▶ **Task details**:
Leaving the images aside, transcribe all the data below exactly.

▶ **Information supplied**:
☆ ☆ ☆ ☆ ☆ ☆ ☆

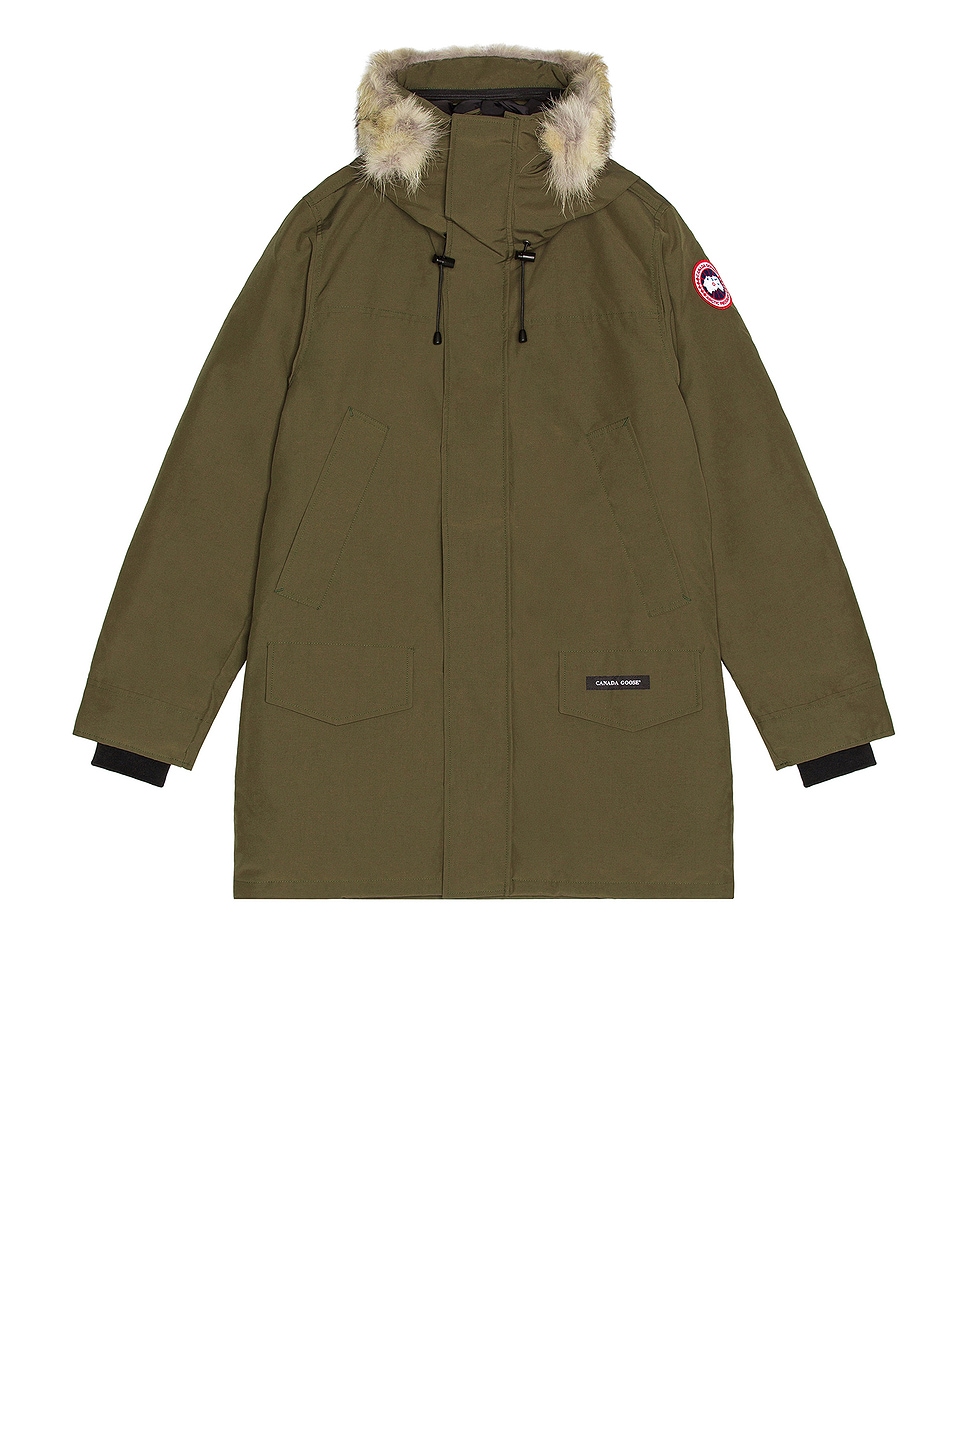 Image 1 of Canada Goose Langford Parka in Military Green
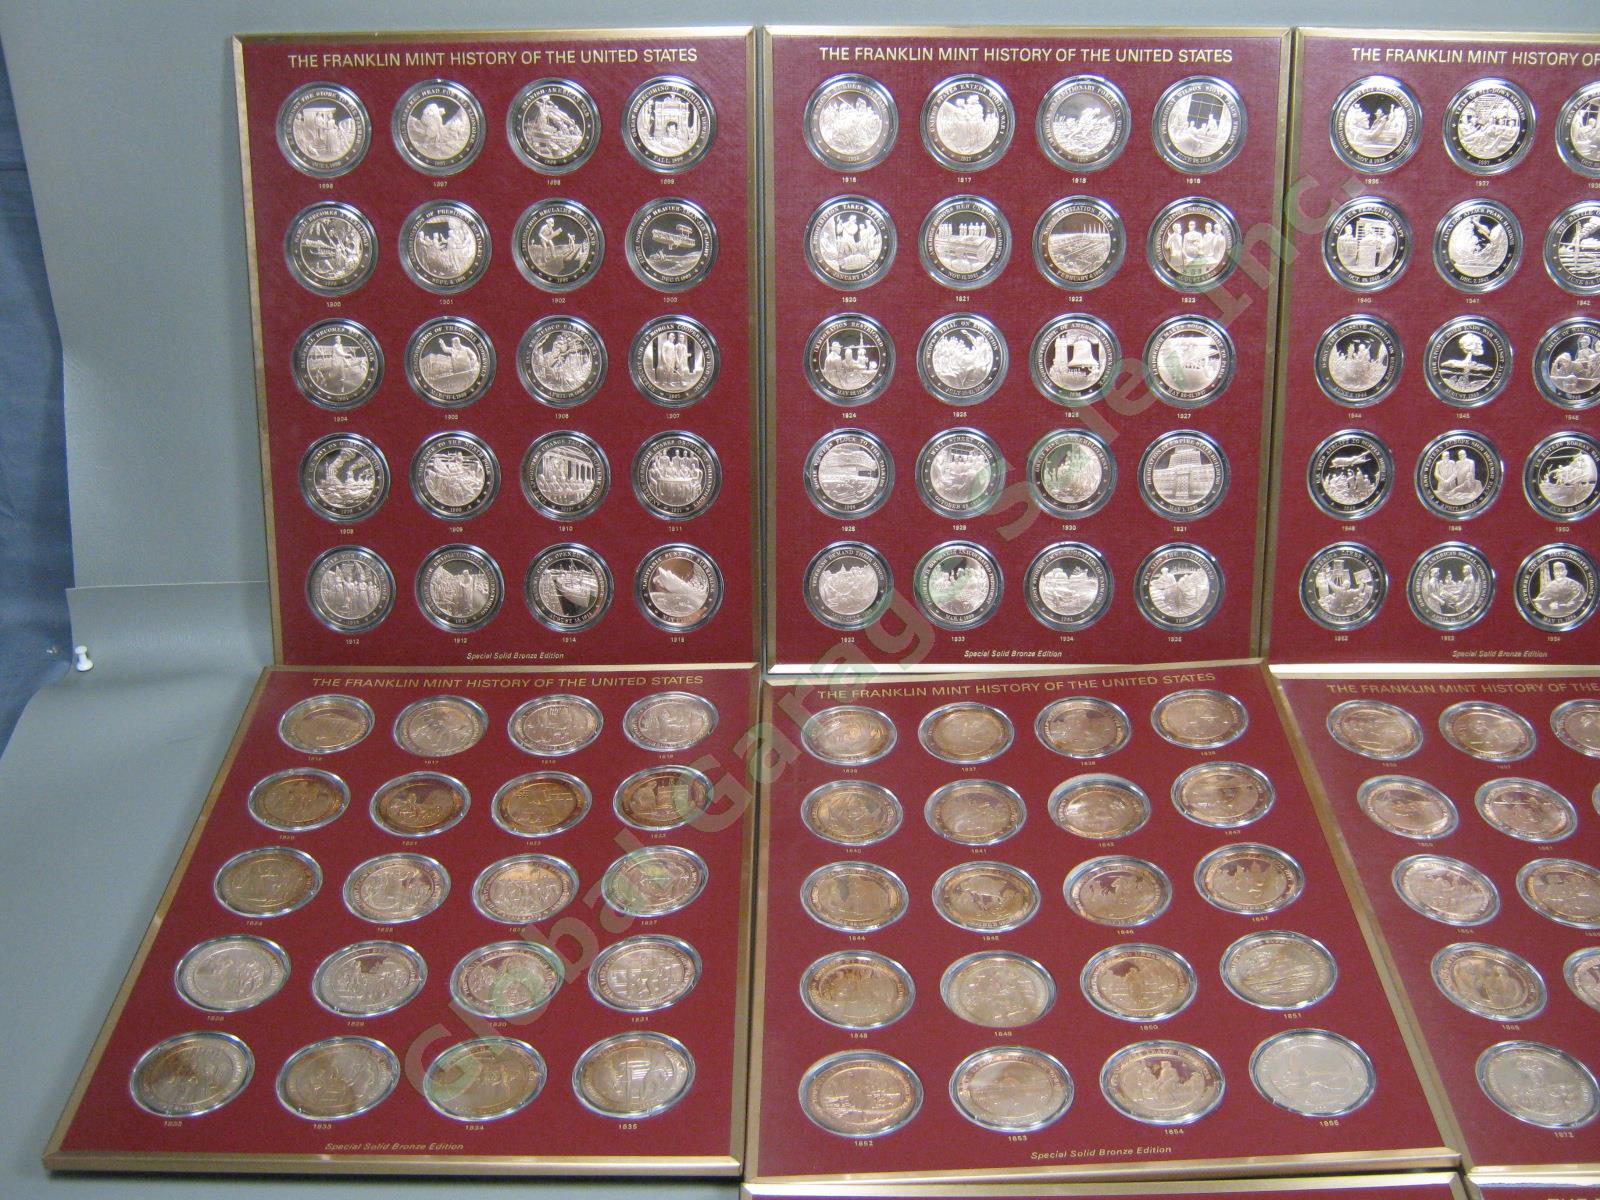 202 Franklin Mint 1776-1975 History Of The United State Solid Bronze Medal Coins 3
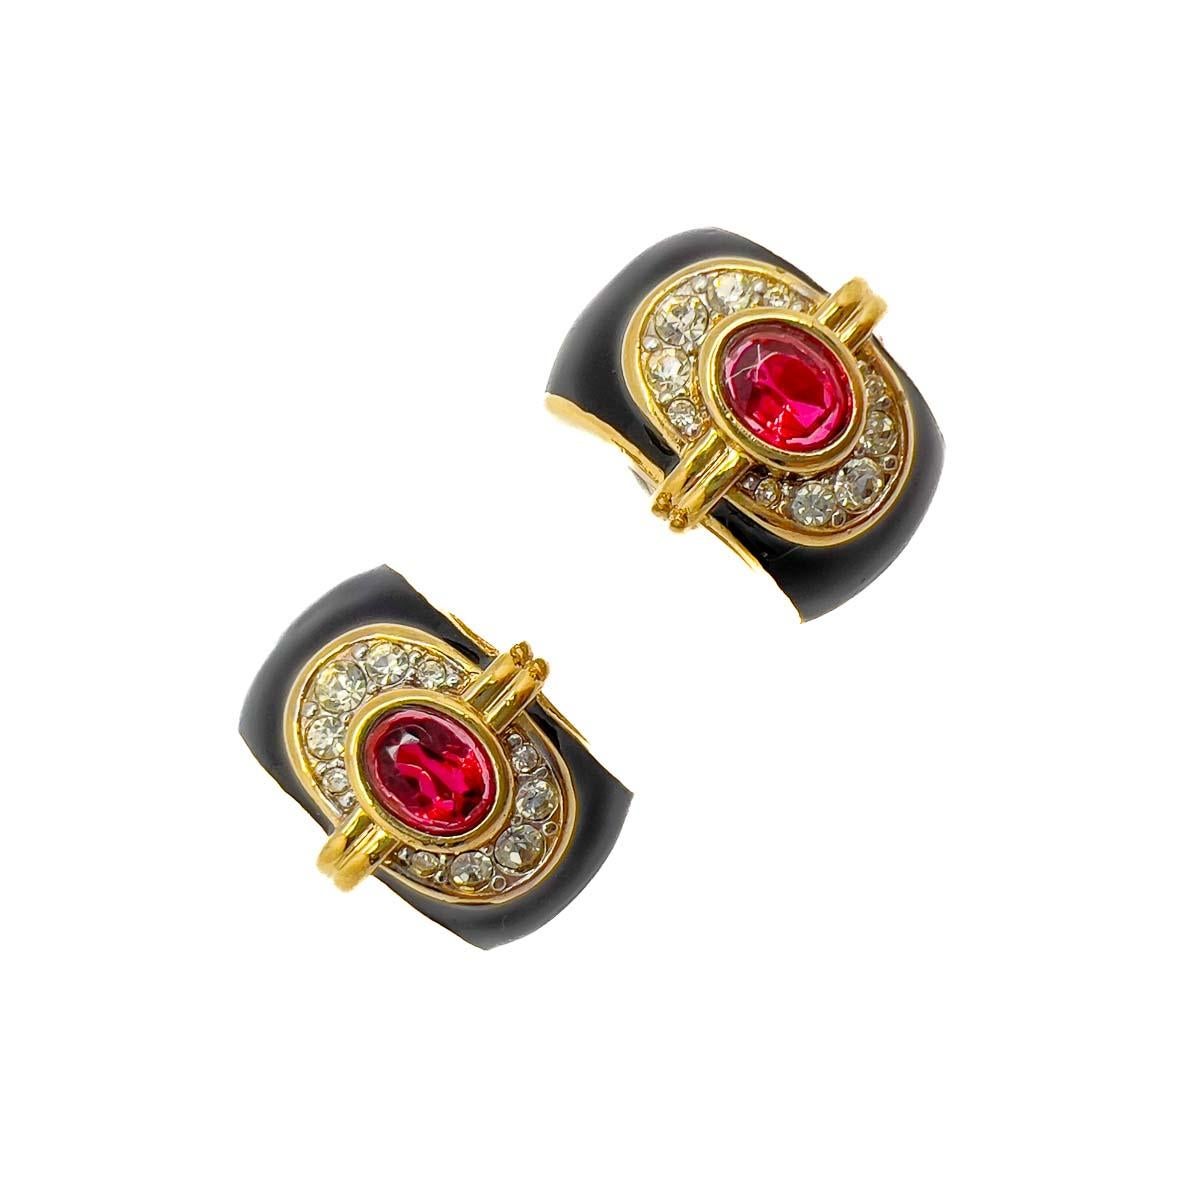 A sublime pair of Vintage Nina Ricci Art eco Earrings. Designed in a huggie style with a glorious and effortlessly timeless Art Deco design. The opulent black enamelling contrasting to perfection with the central oval ruby crystal. Finished with a

☆ ☆ ☆ ☆ ☆ ☆ ☆

▶ **Answer to this exercise**:
 Image 1 of Canada Goose Langford Parka in Military Green
 202 Franklin Mint 1776-1975 History Of The United State Solid Bronze Medal Coins 3
 A sublime pair of Vintage Nina Ricci Art eco Earrings. Designed in a huggie style with a glorious and effortlessly timeless Art Deco design. The opulent black enamelling contrasting to perfection with the central oval ruby crystal. Finished with a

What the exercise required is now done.